In this week’s Success Newsletter, I would like to explain how we are not all the same and what that signifies for relationships and business.
First a quick update:
“The art of flirting”
Read the transcript of the interview I gave to Sue McGarvie Clinical Therapist and Syndicated Talk Show host of Ottawa’s EZ Rock 99.7 “Love & Lipstick”, about flirting from the male perspective – which flirting techniques work with men and which don’t.
“The training – now also via webinar”
In response to requests from people outside the US, the training course for my unique therapeutic technique “Subconscious Rapid Transformation Technique” (SRTT) will now be conducted over the phone and via webinar so you can learn and follow along and ask questions via your computer from anywhere in the world, and, we have adjusted the dates to ensure everyone is accommodated. Are you one of the lucky few to grab the last places to make up the 15 people being accepted? Hurry!!!
Now, let’s talk about why we are not all the same and its implications.
This year, the T.I.M.M.-E Company, Inc. (Tolerance in Multi Media Education) – an educational company that teaches tolerance and diversity in schools, celebrated its 10th anniversary of the children’s book “We Are All The Same Inside.” The book’s message is to encourage children to celebrate our similarities while embracing each other’s differences.
And yes, it is true that were we to remove color, gender, culture, age and other differences such as socio-economic disparities, we would find that inside we are all very similar and accordingly we do also have common physical and emotional needs such as food, water, shelter, attention, approval, love & connection, security, challenges, significance, growth, and contribution – meaning and purpose. (See also my Newsletter from June 30, 2010: “Getting your six needs”)
Common humanity is one of the key messages of the 1985 classic film “The Breakfast Club”: beneath their obvious external differences, the geek, the sports jock, the princess, the criminal and the kook are in essence all the same, sharing the same fears, hopes, deepest emotions and problems.
However, there are also critical ways in which we are very different and that, in turn, can destroy relationships and our general happiness & enjoyment of life.
There were two brothers, just three years apart in age.
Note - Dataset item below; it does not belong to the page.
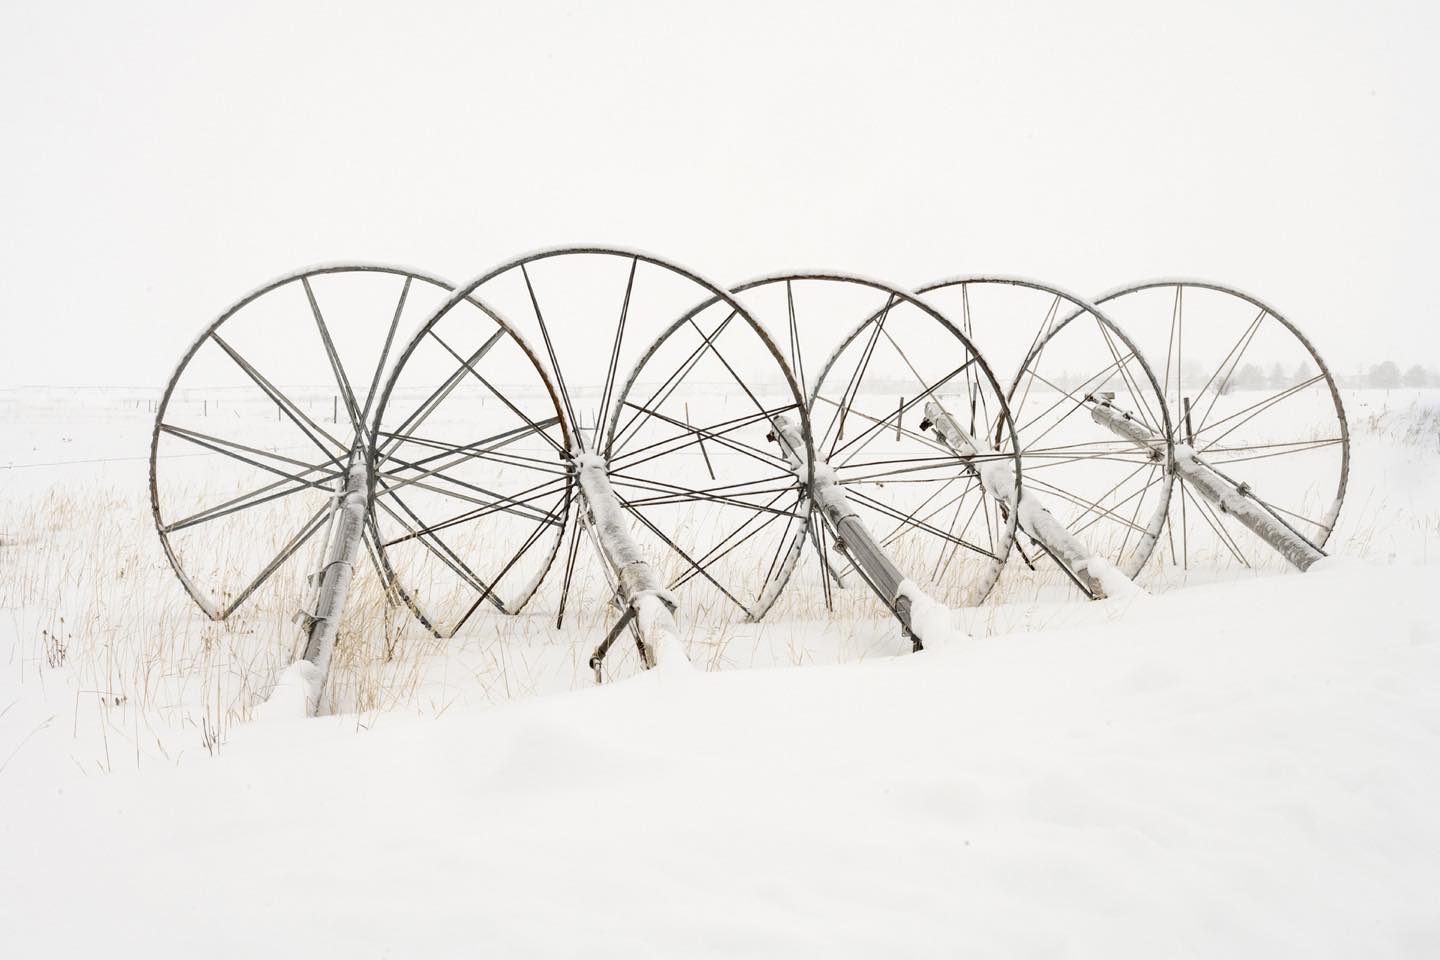 Wheel Line parts in Driggs, Idaho. When assembled during the growing seasons these wheels and pipes form long lines that move across the landscape, irrigating field crops. Stored at the edges of fields in winter, they provide great subjects for photo art! #driggsidago #bestofthegemstate #wheellines #wheellineart #orcuttphotography tetonvalleyidaho

Both boys suffered abuse from an angry alcoholic father and felt unloved by a mother who was self-absorbed and not very nurturing. When the two boys grew up, one became angry like his father and continued to be verbally abusive towards his mother. The second brother left home at a very young age, traveled the world and studied psychology in an attempt to understand and heal himself.
In another incident, three young boys were sitting at the edge of the road, playing, when a car drove by and ran over a cat. One boy laughed wickedly, another remained stunned, and the third boy ran away and subsequently grew up afraid of cats (interestingly, not cars, roads or driving.)
The point here is that we perceive events differently, we respond and react to them differently and we can all be affected differently by the same event. In other words, we are not all the same and yet, generally we expect other people to act, respond and behave the same way that we would do.
The differences in the way we process, react and respond to events can be caused by many factors such as our subconscious programming and our personality and temperament. For example, in my audio book, “Personality Test: Who are You? Talker, Doer, Thinker, Watcher?”, I reveal that in a crisis the Doer (the Driver) would automatically take charge; the Talker (The Expressive) would be the first person to make light of the situation, and; the Watcher (The Amiable) would be busy consoling and expressing compassion to everyone involved.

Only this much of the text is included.